14. Pg. 75- What practice of feeding cows led to the Mad Cow Disease? The feeding of rendered cow parts back to the cows for protein. 15. Pg. 77- How are we choosing which cows we want to select to breed? We choose cows that can absorb the most corn without getting sick. 16. Pg. 77- What is the #1 ailment found with cows fed on corn? Why- explain. Bloating can cause suffocation due to the excessive starch and little roughage. 17. Pg. 78- What is acidosis and what does it cause in the cow? It is when the cord is too acidic and can cause the cow to become not itself like eat dirt and can lead to diarrhea and other diseases. 18. Pg. 78- What percentage of cows at slaughterhouses are found to have abscessed livers? 1530%. 19. Pg. 78- What is the leading causes of the evolution of antibiotic resistant superbugs? The antibiotics are being put into animal feed. 20. Pg. 79- What chemicals are found in the manure lagoon on CAFOs? Nitrogen, phosphorus hormone residues, and persistent chemicals. 21. Pg. 80- How many pounds of corn does it take to make 4 pounds of beef? What is the ratio for chicken? 32 pounds for beef. 2 pounds of corn for 1 chicken. 22. Pg. 82- How has the new strain of E. Coli (O157: H7) evolved and what is the problem with it? How can this problem be fixed? It evolved in the intestines of the cow. It is lethal to humans and cannot be rid of. It can be fixed by allowing the cattle to eat grass a few days before slaughter. 23. Pg. 82- How are the costs associated with the CAFOs externalized? Explain. It takes money from taxpayers, cost of public health infections, and adds to the oxygen depleted zone of the Gulf of Mexico. 24. Pg. 83- Discuss the path of corn backward from the corn fields and discuss the implications. The Persian Gulf has the fossil fuels needed to transport the food throughout the country. It requires more money spent on U.S military and consumes almost a barrel for each cows lifetime. 25. Pg. 83- How much of Americas petroleum usage goes to producing and transporting our food? 1/5 of the petrouleum.

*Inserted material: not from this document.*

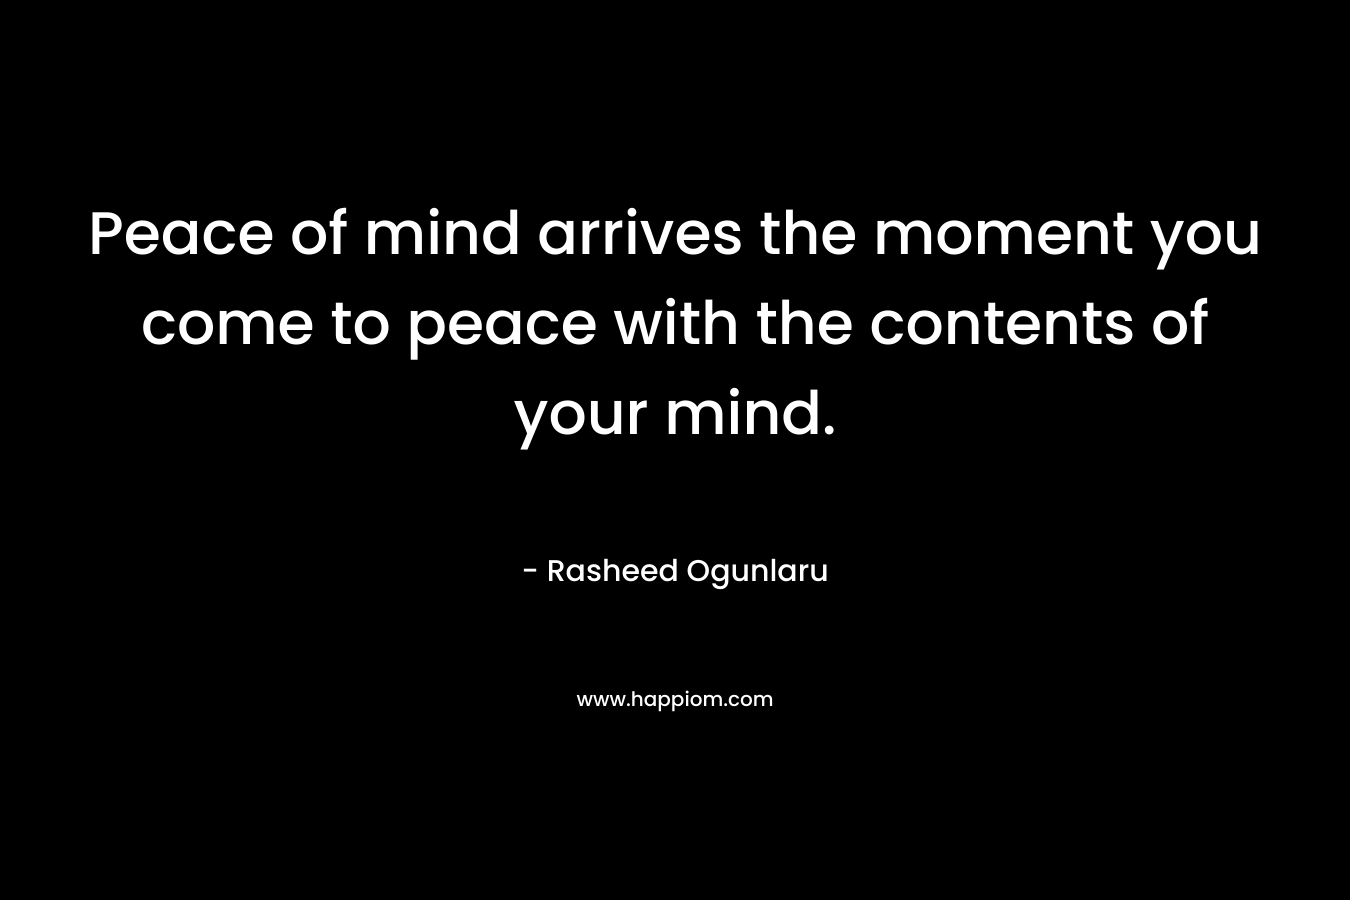 Peace of mind arrives the moment you come to peace with the contents of your mind. – Rasheed Ogunlaru

26. Pg. 84- If a cow reaches his full weight- how much oil will he have consumed in lifetime? It will take a barrel for the lifetime. 27. Pg. 84- You are what you eat is a truism hard to argue with, and yet it is, as a visit to a feedlot suggests, incomplete, for you are what what you eat eats, too. And what we are, or have become, is not just meat but number 2 corn and oil- Discuss. Because of the way our meat is package and given to us, we acquire more than just meat. The oil from the transport is added to taxpayers cost. The huge corn industry is controlling how we function and consume. The fault of corn creates numerous problems like food poisoning and debt, eating us away.